Unsupervised machine learning improves risk stratification in newly diagnosed multiple myeloma: an analysis of the Spanish Myeloma Group
Adrian Mosquera Orgueira # 1 , Marta Sonia González Pérez # 1 , Jose Diaz Arias 1 , Laura Rosiñol 2 , Albert Oriol 3 , Ana Isabel Teruel 4 , Joaquin Martinez Lopez 5 , Luis Palomera 6 , Miguel Granell 7 , Maria Jesus Blanchard 8 , Javier de la Rubia 9 , Ana López de la Guia 10 , Rafael Rios 11 , Anna Sureda 12 , Miguel Teodoro Hernandez 13 , Enrique Bengoechea 14 , María José Calasanz 15 , Norma Gutierrez 16 , Maria Luis Martin 5 , Joan Blade 2 , Juan-Jose Lahuerta 5 , Jesús San Miguel 15 , Maria Victoria Mateos 17 , PETHEMA/GEM Cooperative Group
The International Staging System (ISS) and the Revised International Staging System (R-ISS) are commonly used prognostic scores in multiple myeloma (MM). These methods have significant gaps, particularly among intermediate-risk groups.

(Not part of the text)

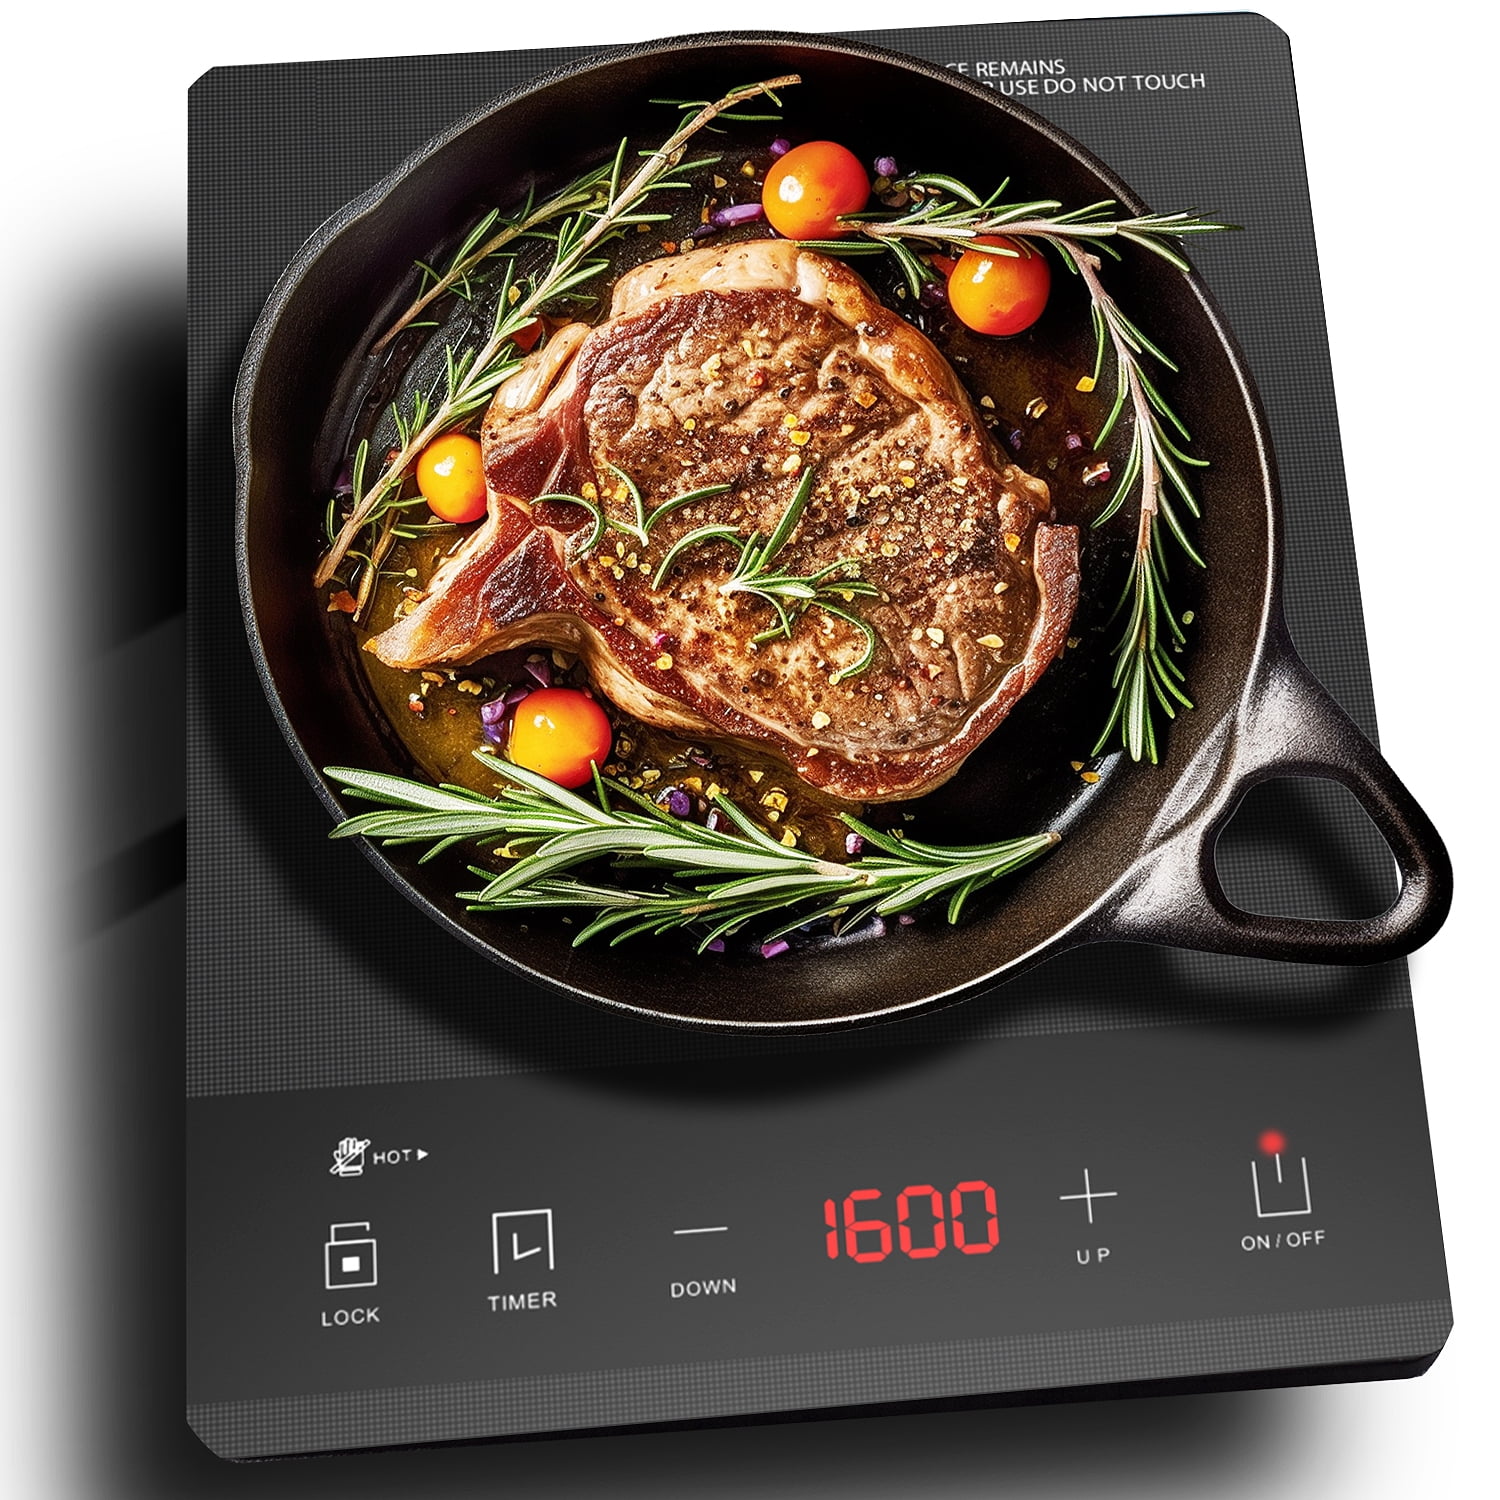 Cadco 120v 1500w Hot Plate - Myers Mushrooms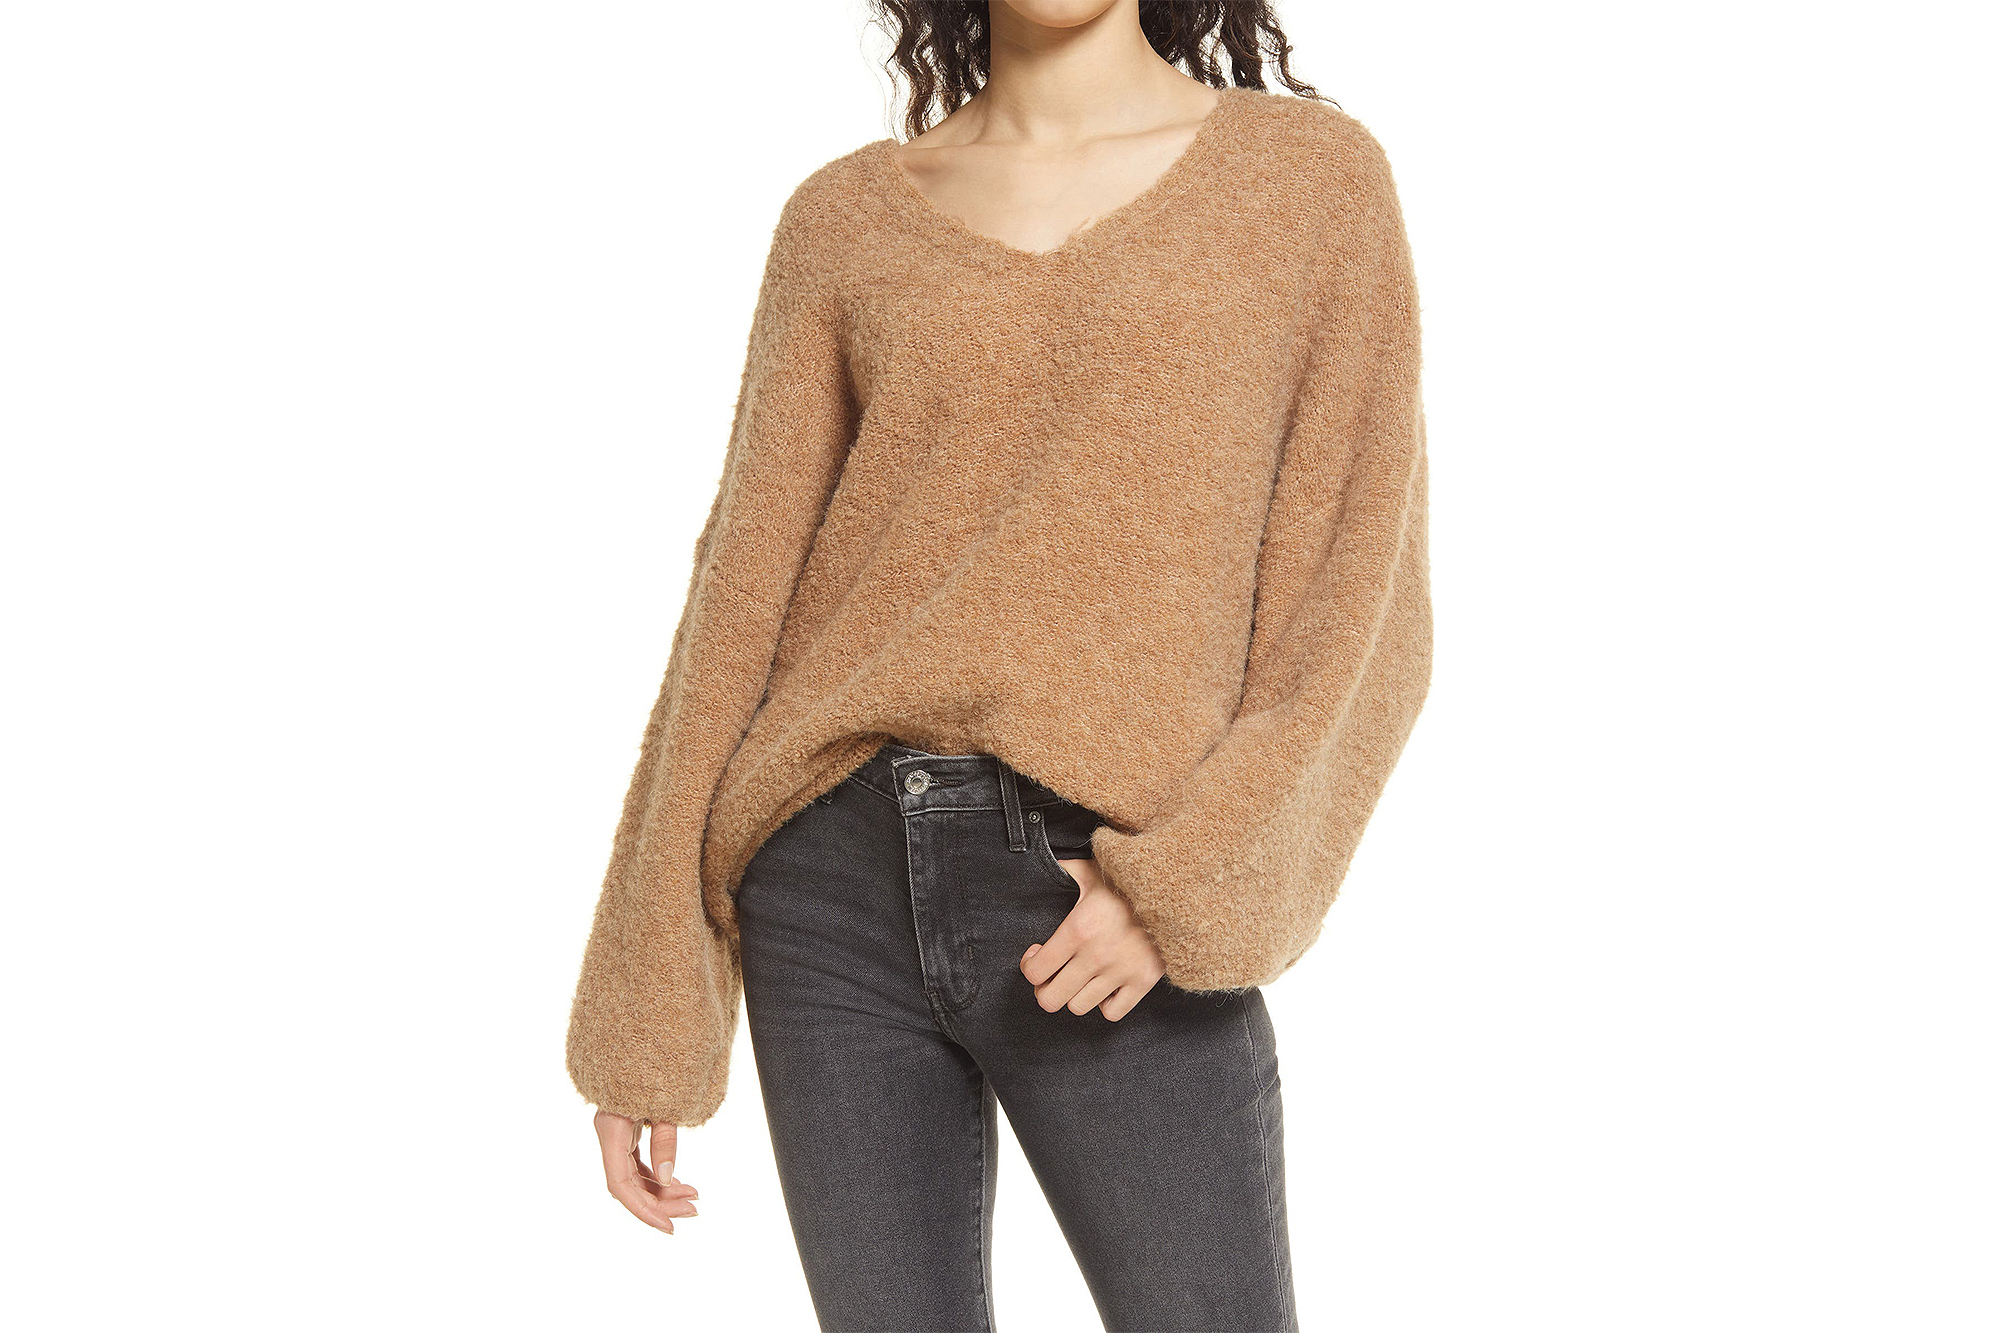 Moda Sweater Is the Winter You Won't Want to Off

The aim of this study was to improve risk stratification in newly diagnosed MM patients using data from three different trials developed by the Spanish Myeloma Group. For this, we applied an unsupervised machine learning clusterization technique on a set of clinical, biochemical and cytogenetic variables, and we identified two novel clusters of patients with significantly different survival.
The prognostic precision of this clusterization was superior to those of ISS and R-ISS scores, and appeared to be particularly useful to improve risk stratification among R-ISS 2 patients. Additionally, patients assigned to the low-risk cluster in the GEM05 over 65 years trial had a significant survival benefit when treated with VMP as compared with VTD.
In conclusion, we describe a simple prognostic model for newly diagnosed MM whose predictions are independent of the ISS and R-ISS scores. Notably, the model is particularly useful in order to re-classify R-ISS score 2 patients in 2 different prognostic subgroups. The combination of ISS, R-ISS and unsupervised machine learning clusterization brings a promising approximation to improve MM risk stratification.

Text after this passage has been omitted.